CFD Online Discussion Forums

CFD Online Discussion Forums (http://www.cfd-online.com/Forums/)
-   OpenFOAM Running, Solving & CFD (http://www.cfd-online.com/Forums/openfoam-solving/)
-   -   MPI + AMI mesh tutorial NOT working. tested anyone ? (http://www.cfd-online.com/Forums/openfoam-solving/106999-mpi-ami-mesh-tutorial-not-working-tested-anyone.html)

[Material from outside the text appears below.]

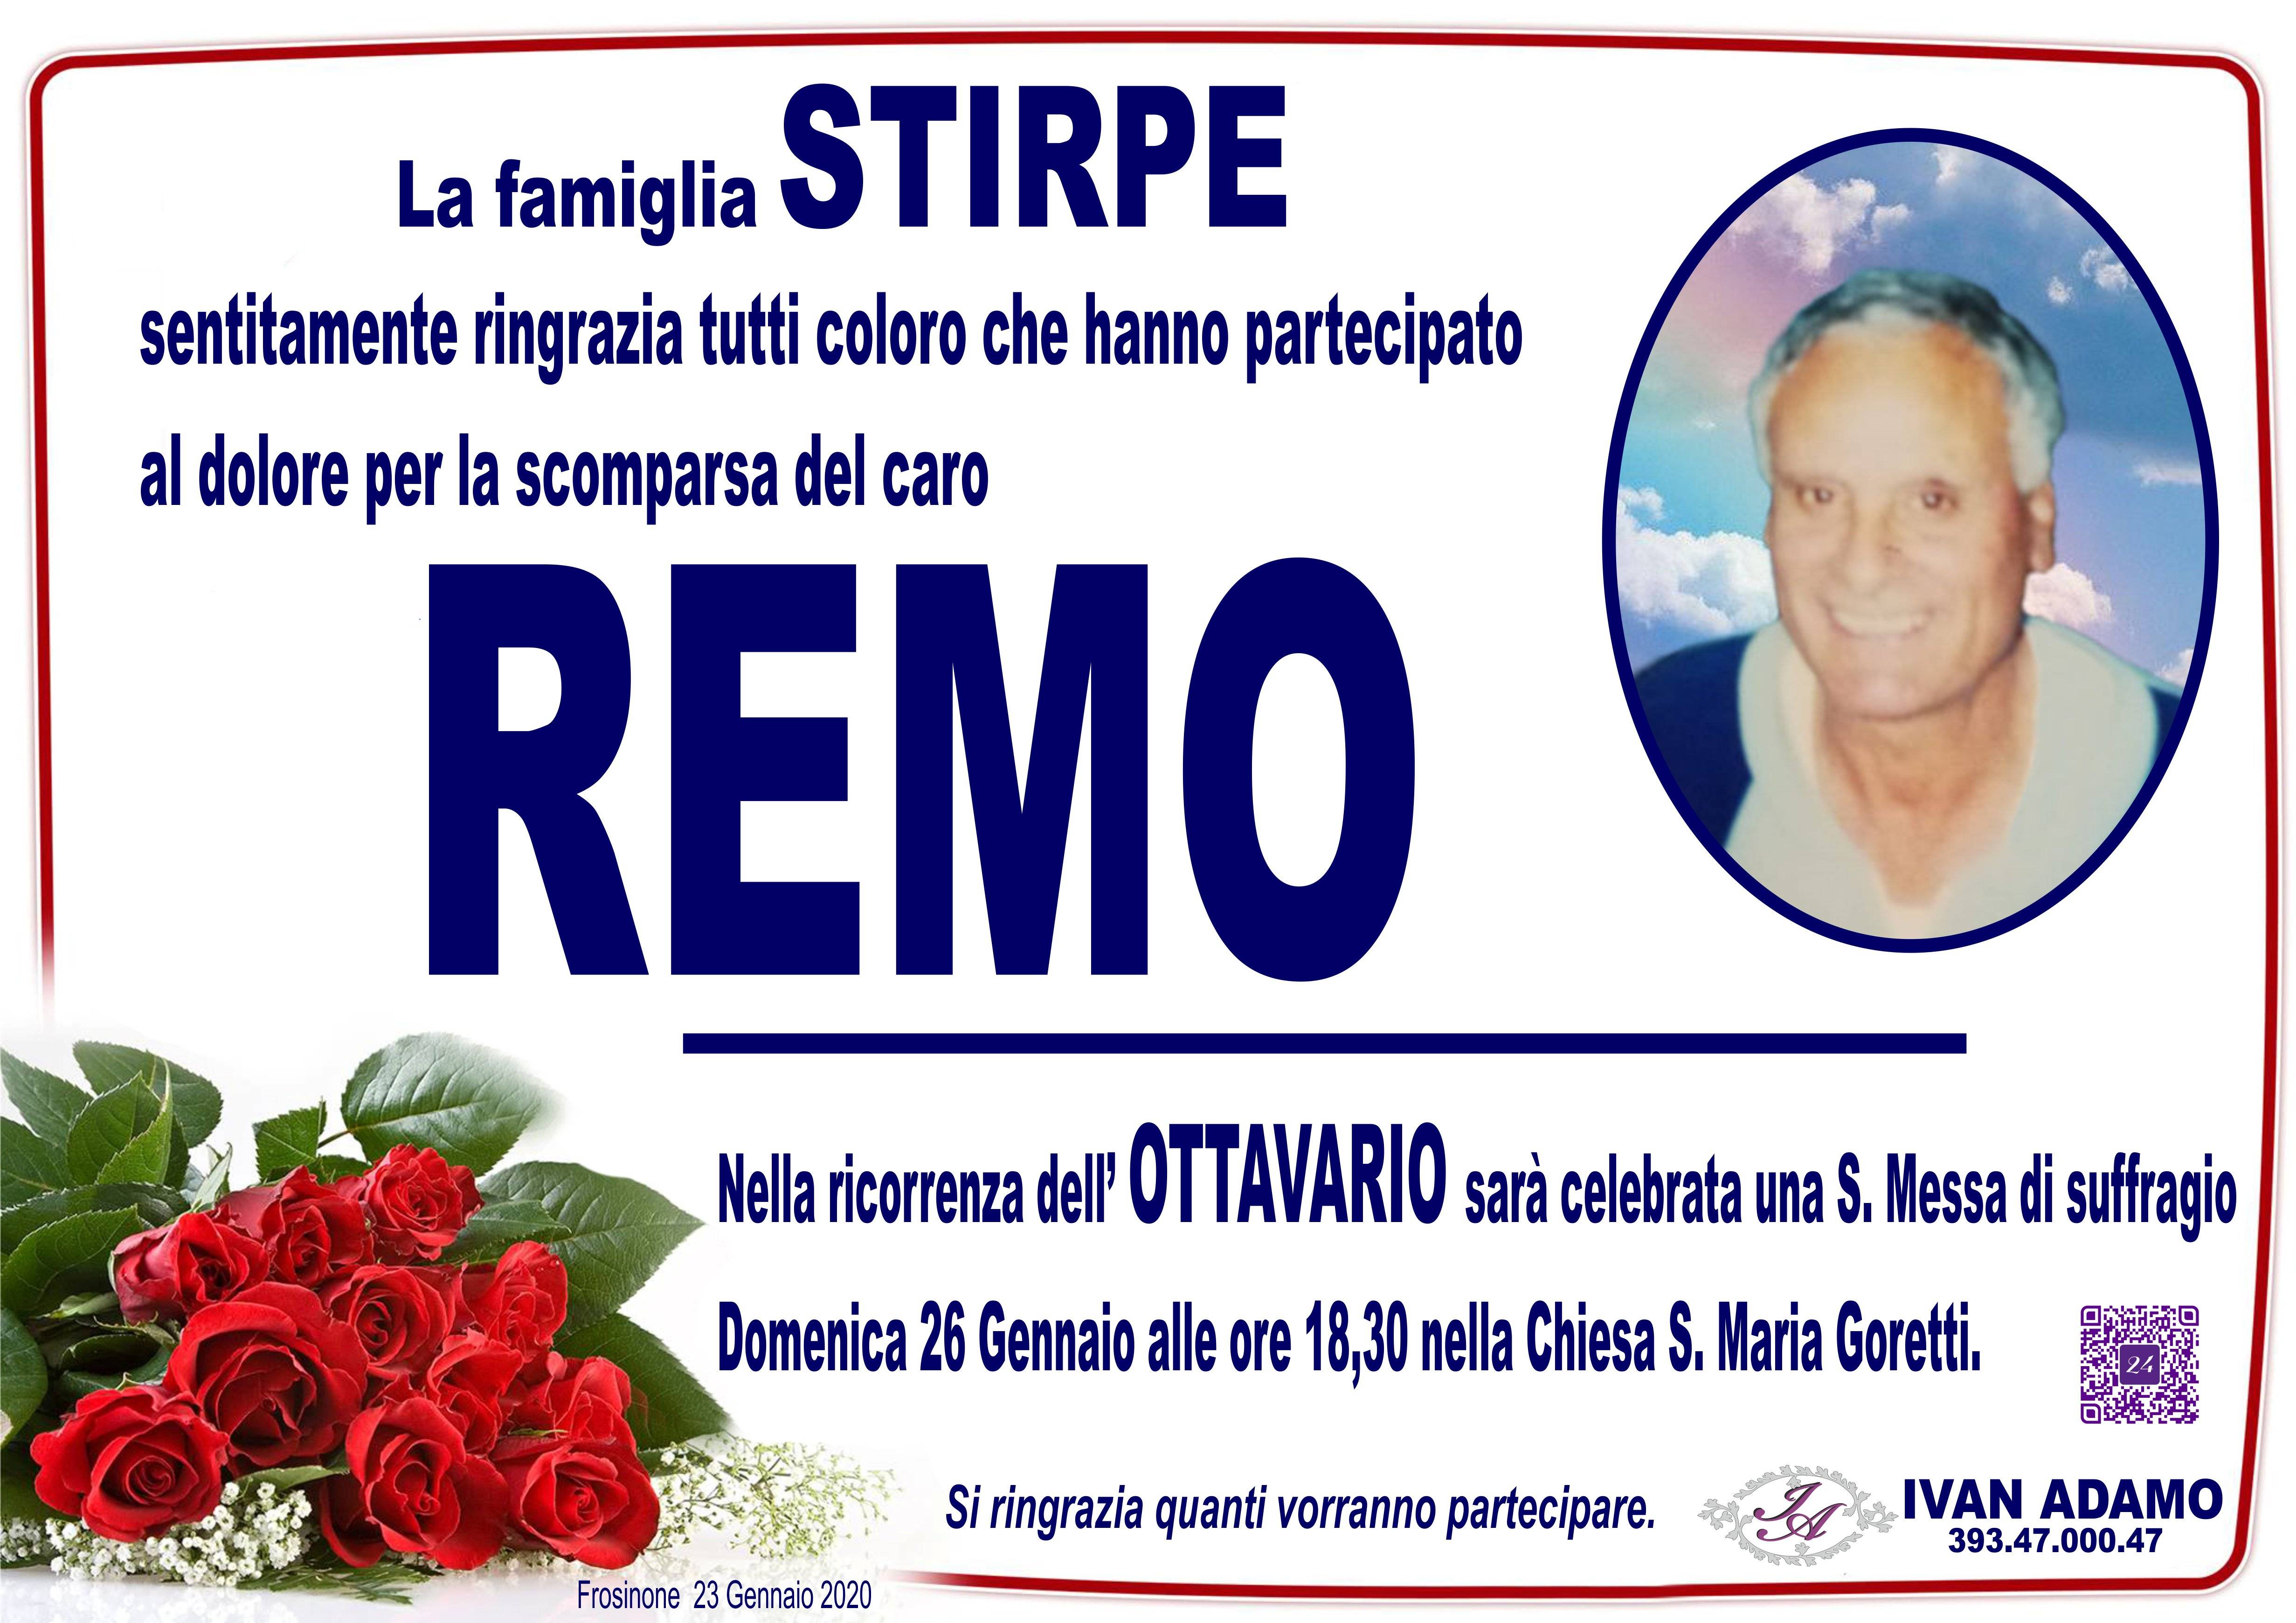 Remo Stirpe

Giuliano69 September 14, 2012 10:28

MPI + AMI mesh tutorial NOT working. tested anyone ?
 
Hi,
we have a cluster of four WS, on which we positively run the motorbike tutorial on 16 cores. (MPI + nfs ver 3)
We had to downgrade nfs to version 3 to get things work, but with this parameter works flawlessly
Code:

/etc/fstab
192.168.0.17:/home/cfduser/OpenFOAM  /home/cfduser/OpenFOAM/  nfs _netdev,nfsvers=3,proto=tcp,noac,auto  0  0

But when we try the mixerVesselAMI2D case, the system gets stacked in createDynamicFvMesh.H. The main node get cpu% at 99% in sys time, and the slave get wait state at 100%, locked ....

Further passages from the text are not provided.